--- SOURCE INFORMATION ---
————
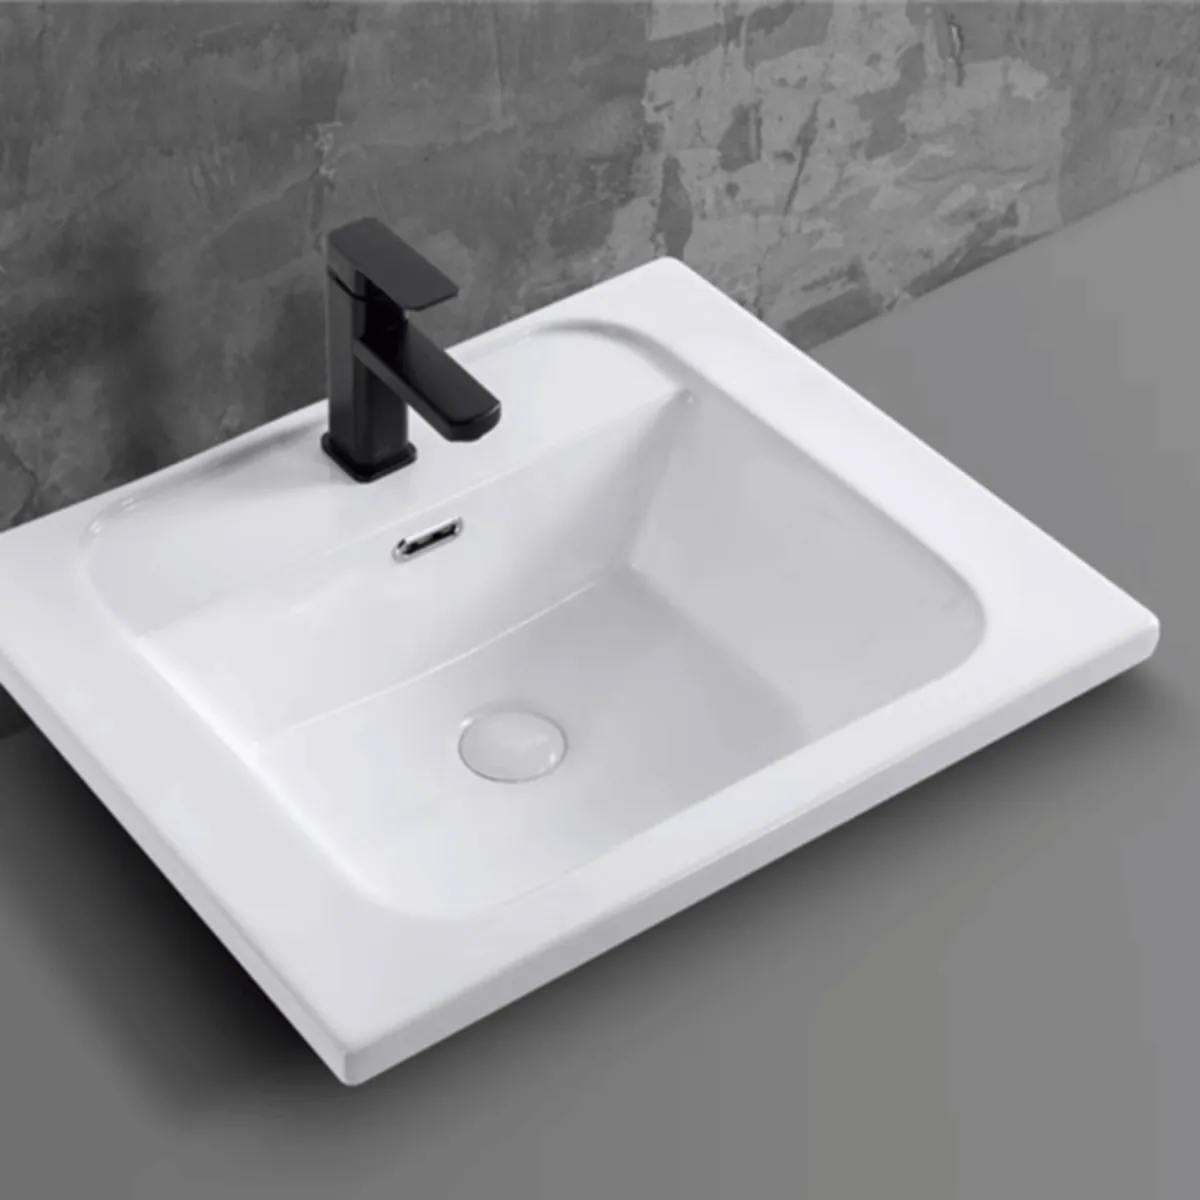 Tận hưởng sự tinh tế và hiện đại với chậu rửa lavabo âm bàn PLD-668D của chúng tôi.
————
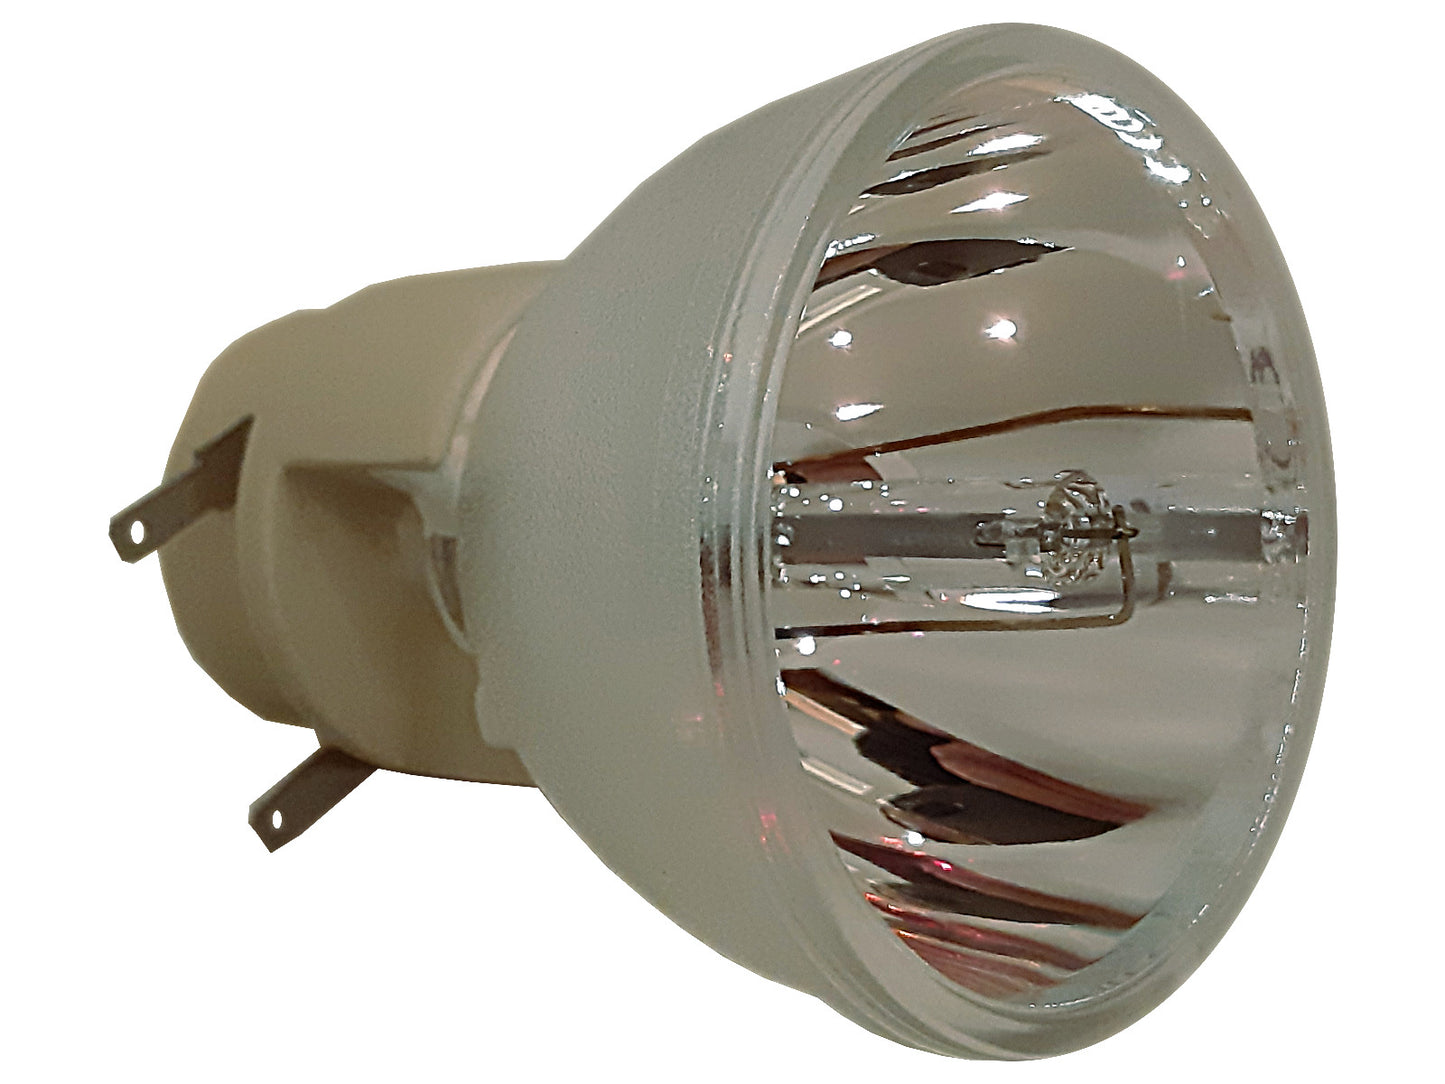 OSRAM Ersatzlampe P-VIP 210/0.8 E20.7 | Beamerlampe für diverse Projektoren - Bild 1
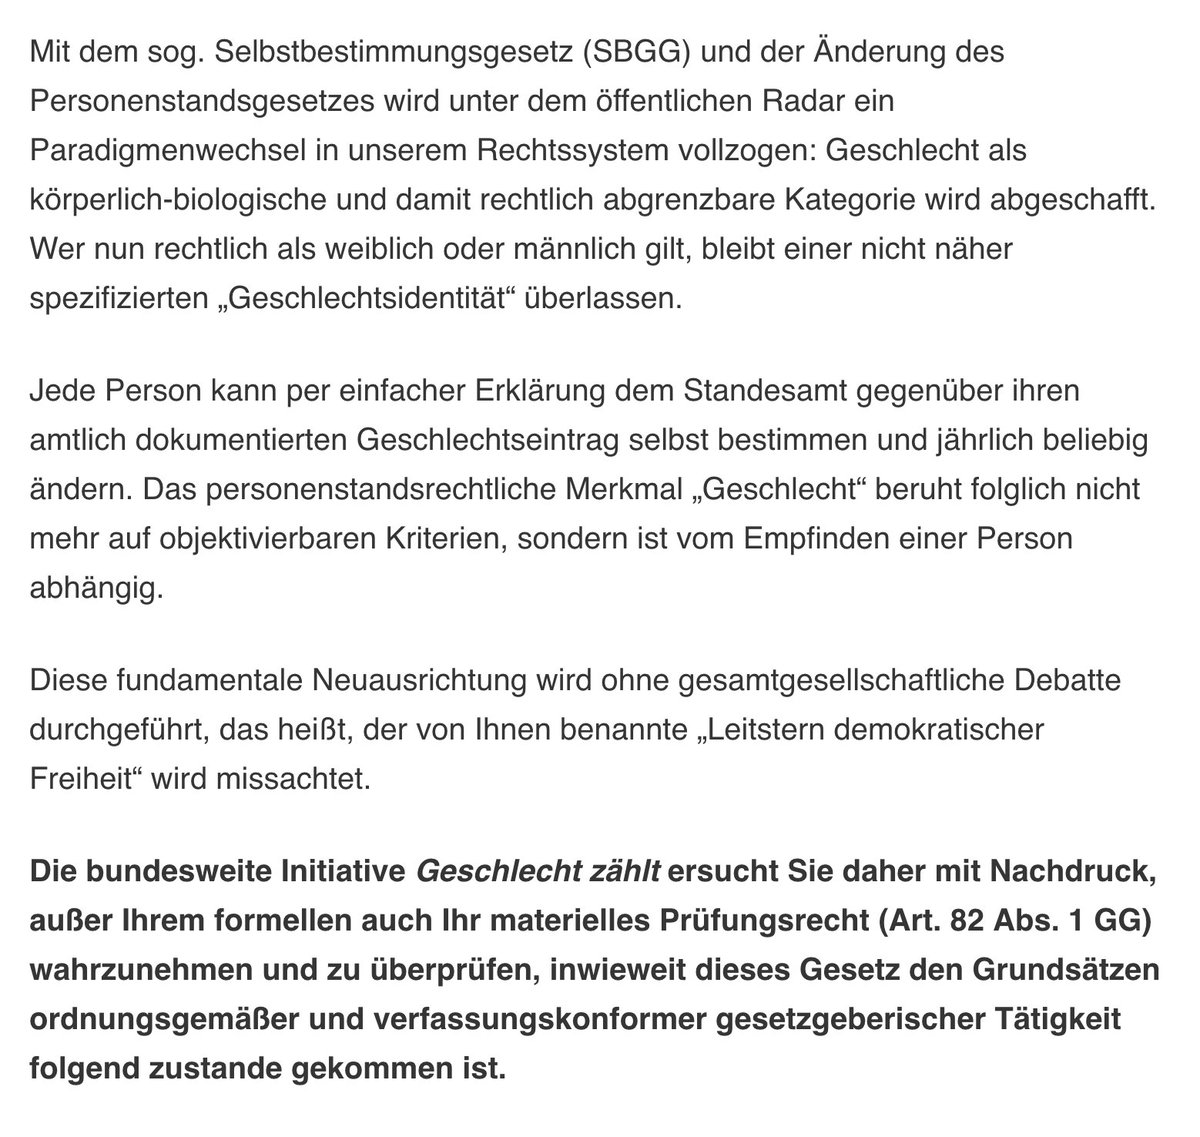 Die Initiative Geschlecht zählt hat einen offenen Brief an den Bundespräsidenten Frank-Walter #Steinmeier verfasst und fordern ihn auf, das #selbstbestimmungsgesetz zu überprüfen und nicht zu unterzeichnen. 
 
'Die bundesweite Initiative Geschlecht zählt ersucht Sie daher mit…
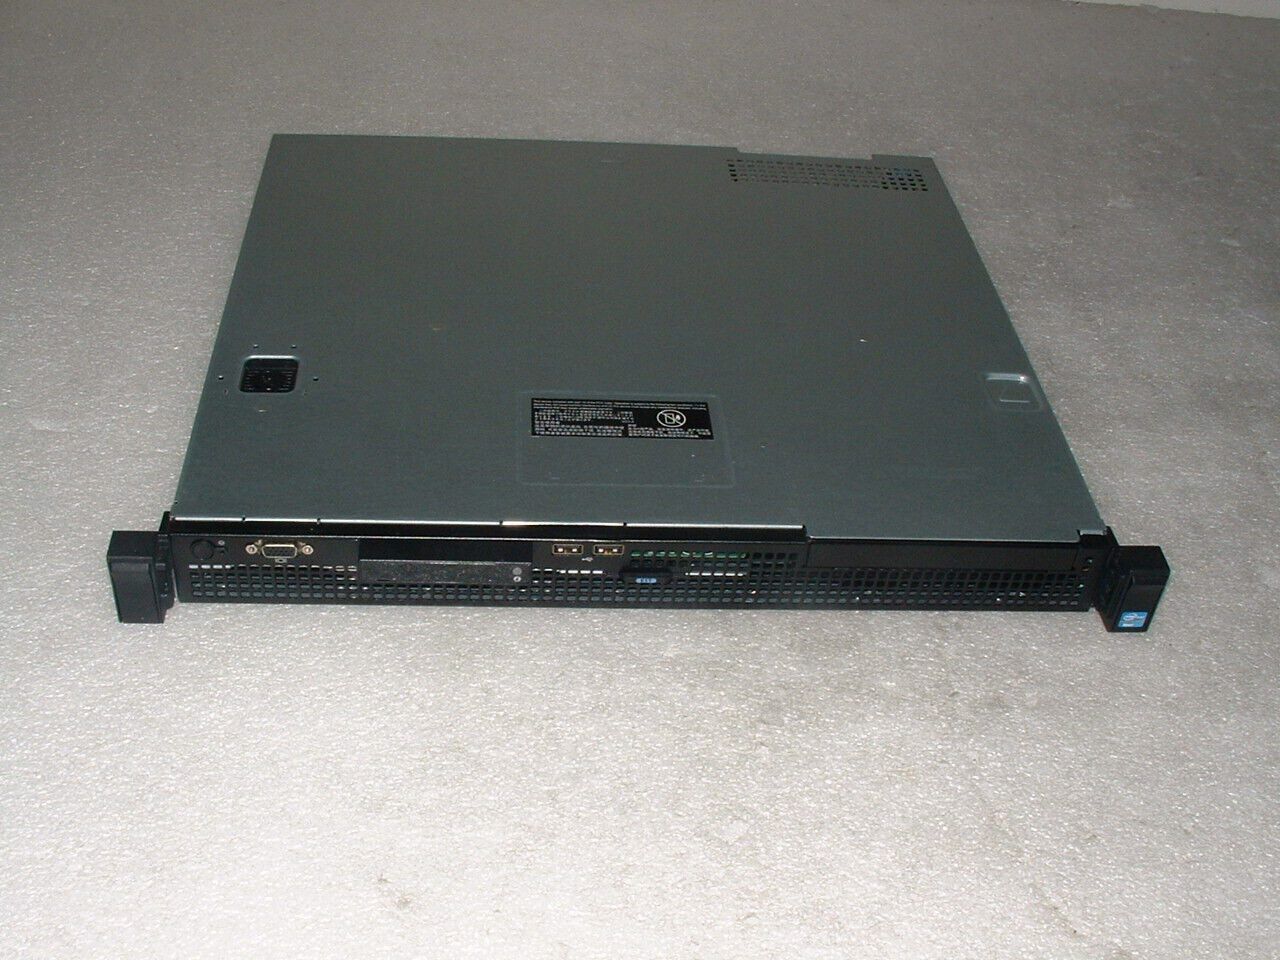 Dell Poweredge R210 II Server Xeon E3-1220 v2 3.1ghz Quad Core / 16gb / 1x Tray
————
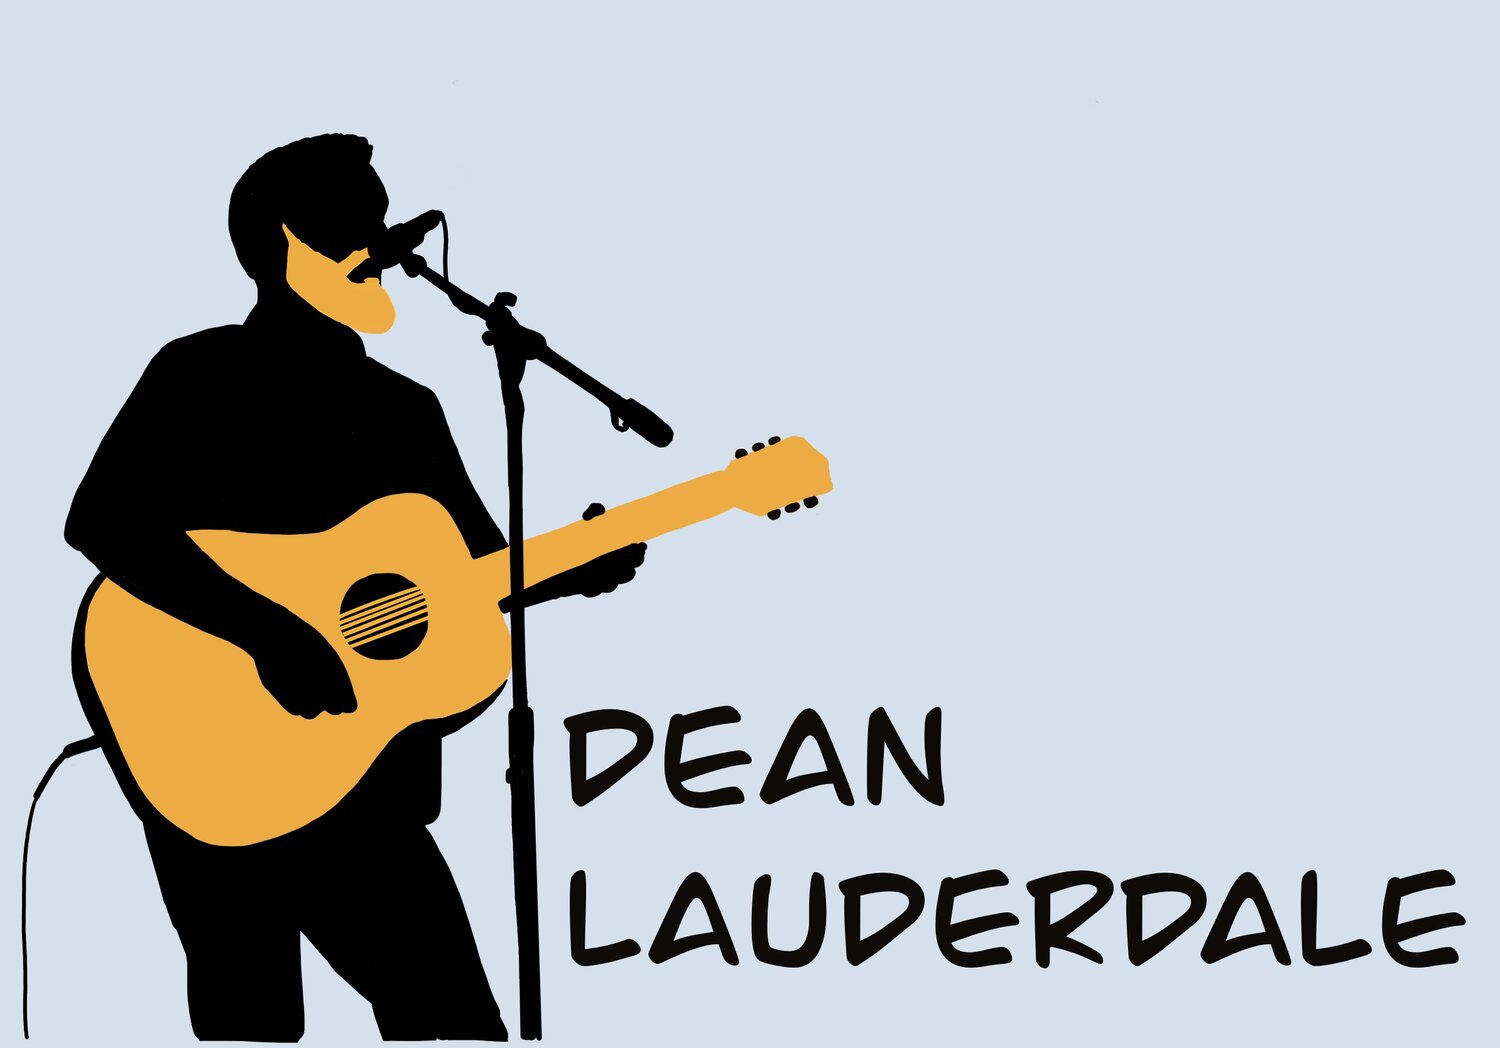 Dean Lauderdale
————
Pictures in the material above should be skipped; print exactly the lines from the one with "Sie daher mit…" through the one with "Dell Poweredge R210".

'Die bundesweite Initiative Geschlecht zählt ersucht Sie daher mit…
 Dell Poweredge R210 II Server Xeon E3-1220 v2 3.1ghz Quad Core / 16gb / 1x Tray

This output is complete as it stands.